Interviews

Interview with Barbara Albert

Sophie Charlotte Rieger
Sophie Charlotte Rieger

"Supporting women in the film industry means supporting a more diverse cinema"

It’s been five years since Austrian director Barbara Albert presented her last film, „The Dead And the Living“. Now she is back in the festival circuit with her new movie „Mademoiselle Paradis“ that tells the story of the blind 18th century musician Maria Theresia Paradis and her struggle to regain her sight. The film has already been screened at Toronto and San Sebastián, and the German premiere took place at Filmfest Hamburg, where EWA blogger Sophie Charlotte Rieger had the chance to meet with Barbara Albert for an interview.

Is Mademoiselle Paradis a movie about an emancipation process?

Yes, and that’s quite important. The film is about a woman who is not allowed to be who she is and who starts to liberate herself in the course of the story, though the completion of this process is an ambivalent one. In her historical situation she might even have more freedom as a blind woman, because as a sighted, “functioning” woman she would be exposed to a different set of restrictions, as for example the requirement to get married. So the question arises: Was Maria Theresia Paradis aware of this? Did she know that being blind gave her freedom, and access to a private sphere and musical career?

Why did you decide to tell this part of the story that talks about Maria Theresia’s treatment instead of showing her musical career later on in her life?

On the one hand, the movie is based on a novel, which is even more focused on Maria Theresia’s relationship with her doctor, Franz Anton Mesmer, than the movie is. But we really wanted to focus on this woman and her inner coming of age process. On the other hand, this is not only a story about emancipation but also about music and sensations. That was my main interest as a filmmaker: To see and to be seen. Maria Theresia is being looked at, voyeuristically even, but at the same time she is learning to see: What’s it like to have such an innocent view on the world?

Besides being a director you teach at the Konrad Wolf film school in Babelsberg and you are co-founder of the Austrian Film Academy. What is your take on the current state of cinema in general?

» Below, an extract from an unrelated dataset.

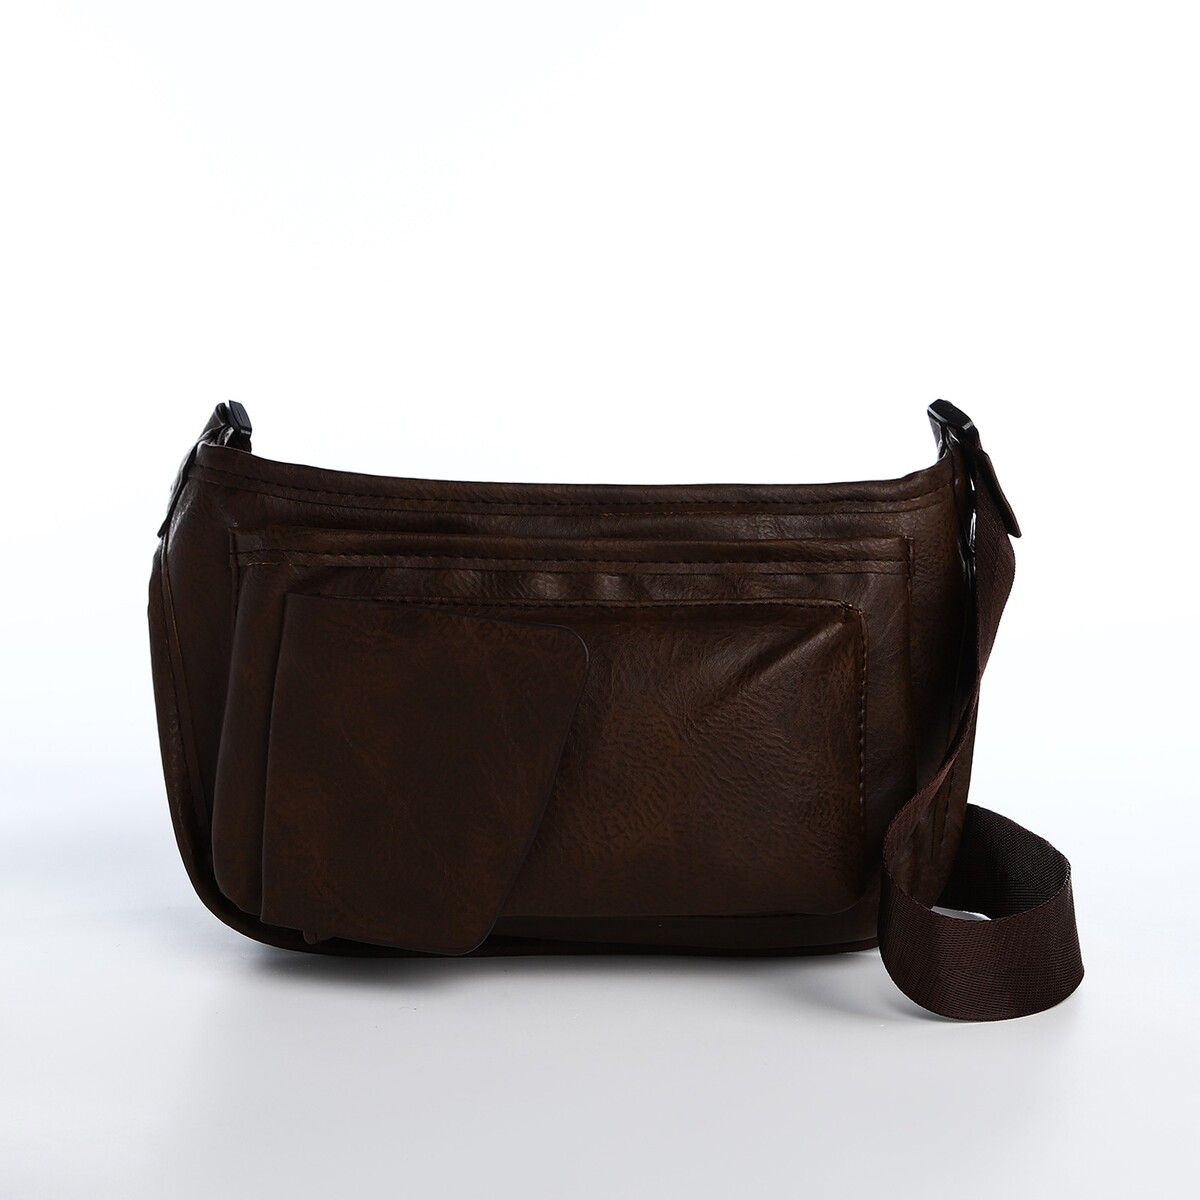 Поясная сумка на молнии, 3 наружных кармана, цвет коричневый поясная сумка на молнии 3 наружных кармана зацеп на ногу коричневый

There is no way denying the massive changes cinema has undergone within the past 20 years since I started filmmaking. My first feature film “Northern Skirts” attracted a way bigger audience than any new film could do. People increasingly watch movies at home. TV shows get more and more popular. At the same time, there are still movie theaters that see themselves as curated places, more in the sense of a museum. It would be nice if every mid-sized town had a place like this.

The German National Film Fund recently published a list of movie projects to be funded in the near future and there was not a single one with a female director. Is this something that you think about?

Yes, absolutely. I’m in favor of the female directors’ quota, I’m a member of Pro Quote Regie and co-founder of FC Gloria in Austria. At my film school I noticed that less women apply for directing than before, especially in the Bachelor program. This has changed a bit within the past years but I don’t have any theory yet to explain this situation.

What is the situation of female filmmakers like apart from film school?

I just came back from Toronto where a quarter of the movies were directed by women. I’m going to be in London and there it is a third. This is great and also changes the atmosphere of the festival in a positive way. But there are still A-festivals that manage to program only a single female directed film in the competition section, or even none at all. That’s the glass ceiling we are fighting against.

Supporting women in the film industry means supporting a more diverse cinema. Do you agree?

Yes, and at the same time I renounce the “female gaze” when it is defined as something very sensual, for example. I don’t want to represent THE female gaze.

But maybe you want to tell a different kind of story?

Exactly. There is this longing for new heroines and role models that I felt while I was making Mademoiselle Paradis.